▼

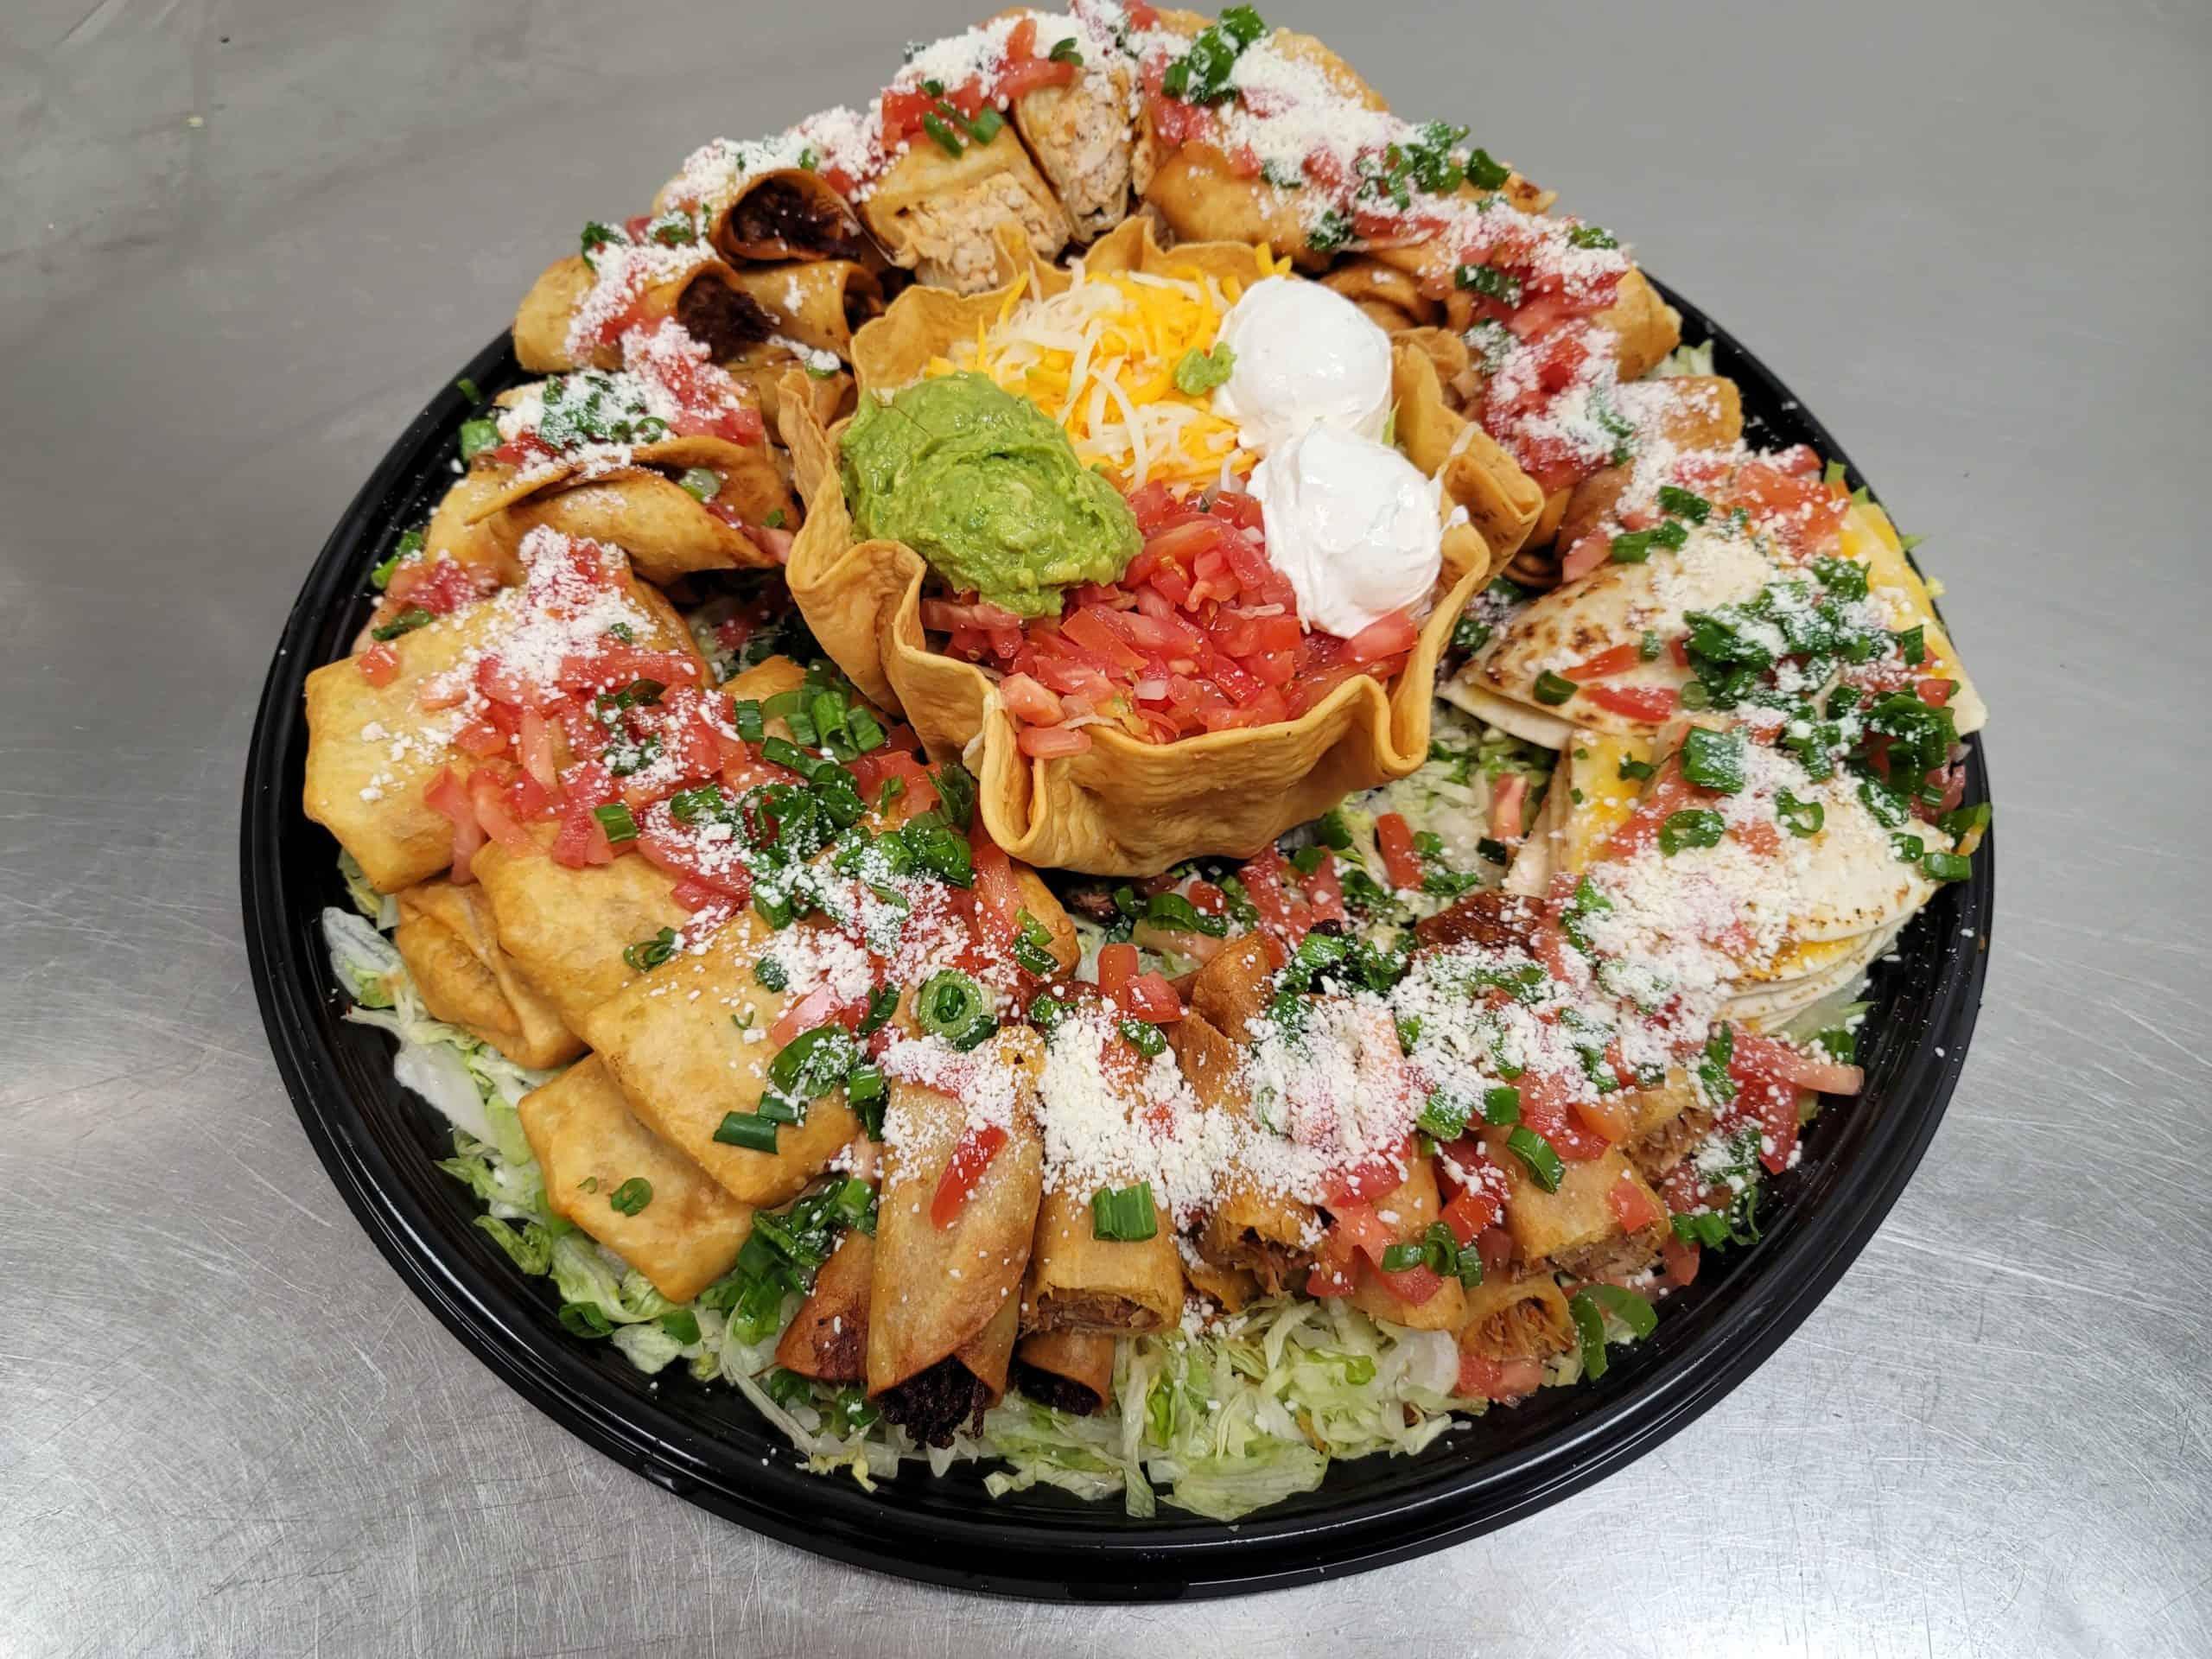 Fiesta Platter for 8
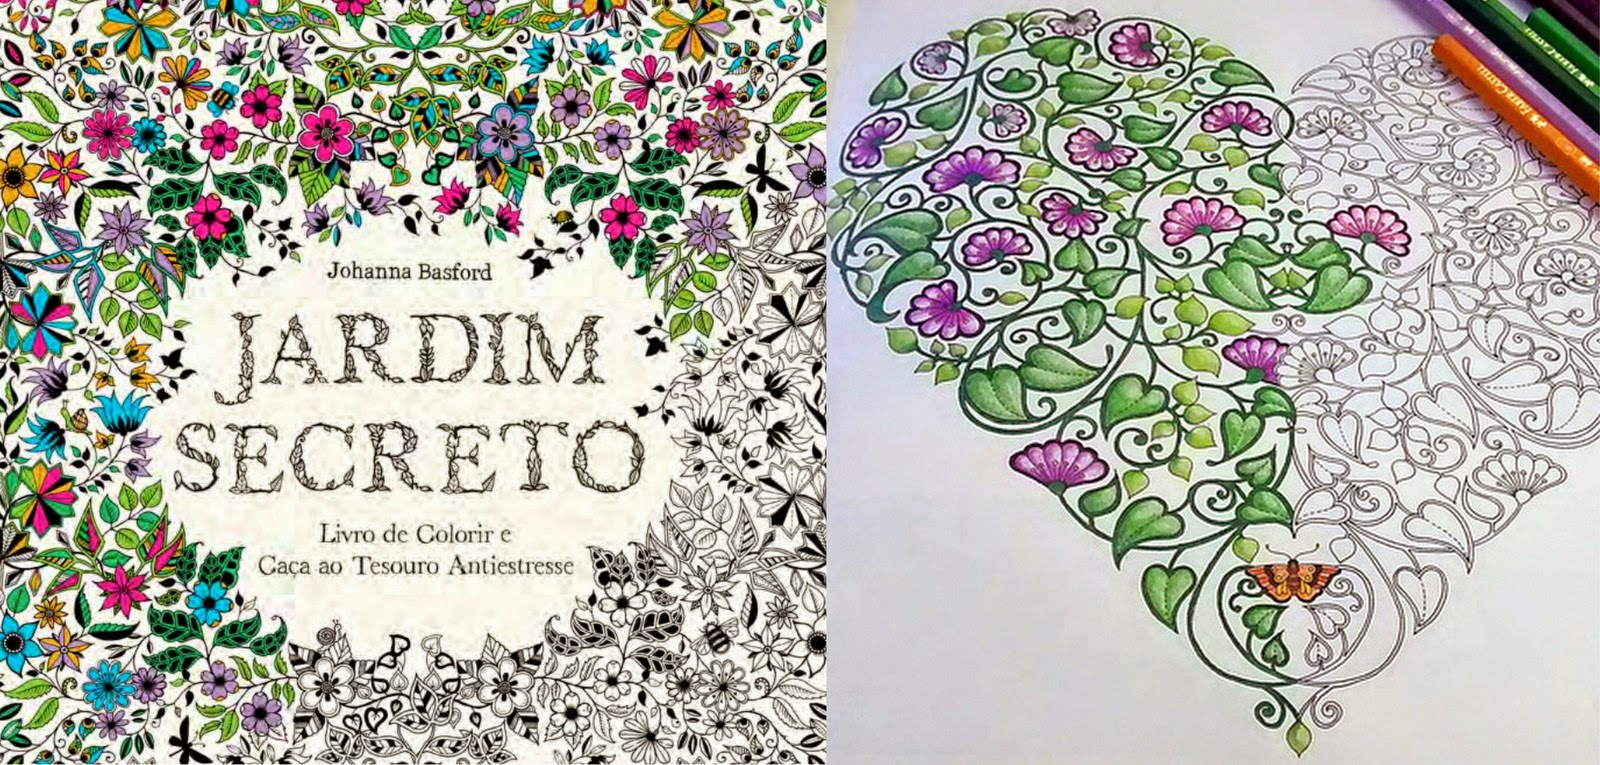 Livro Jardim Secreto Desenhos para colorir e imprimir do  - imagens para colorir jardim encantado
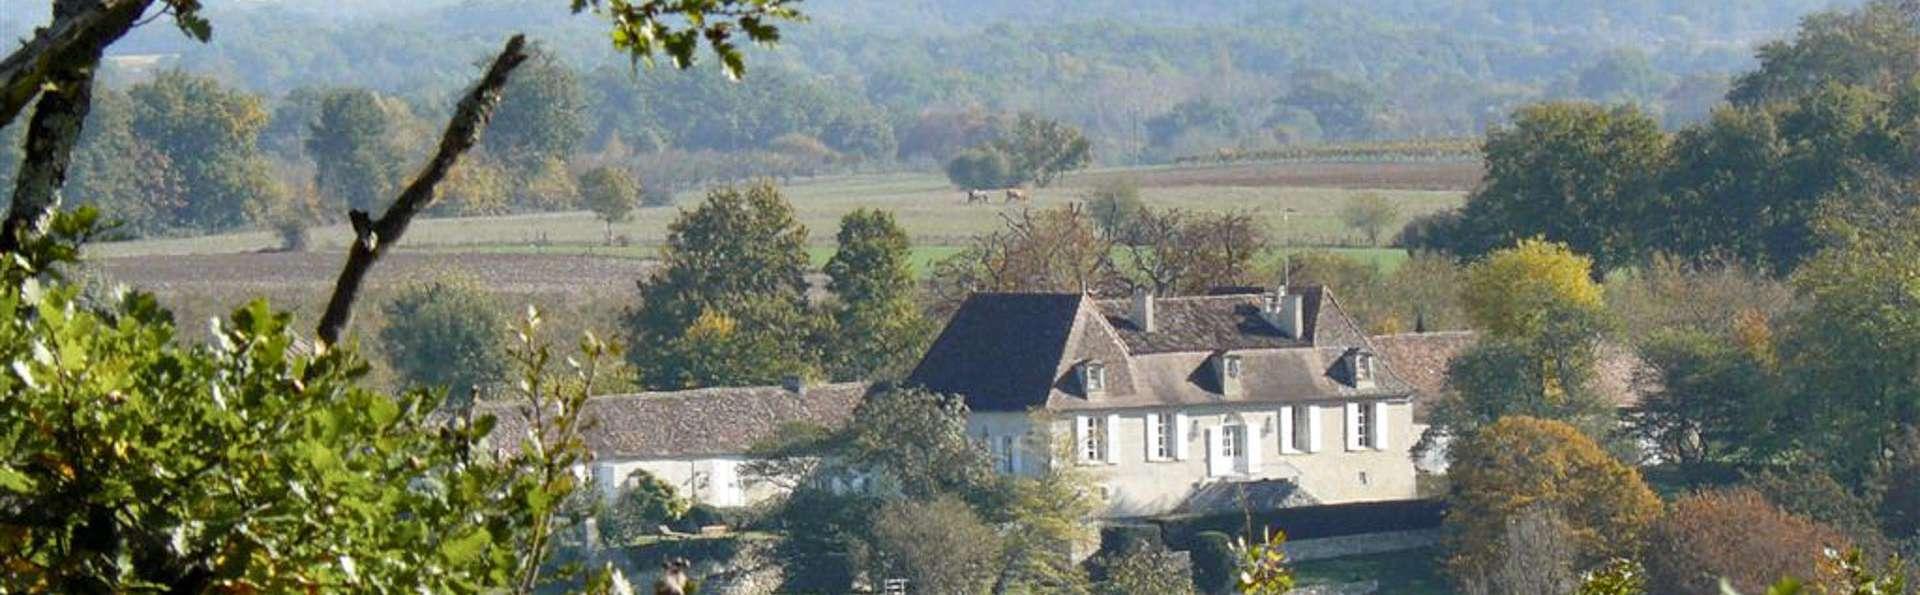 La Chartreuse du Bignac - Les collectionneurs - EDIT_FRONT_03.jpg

▲

Your goal ▸
Return all of the data exactly as written, and drop the pictures.

Reply to the task ▸
 Fiesta Platter for 8
 Livro Jardim Secreto Desenhos para colorir e imprimir do  - imagens para colorir jardim encantado
 La Chartreuse du Bignac - Les collectionneurs - EDIT_FRONT_03.jpg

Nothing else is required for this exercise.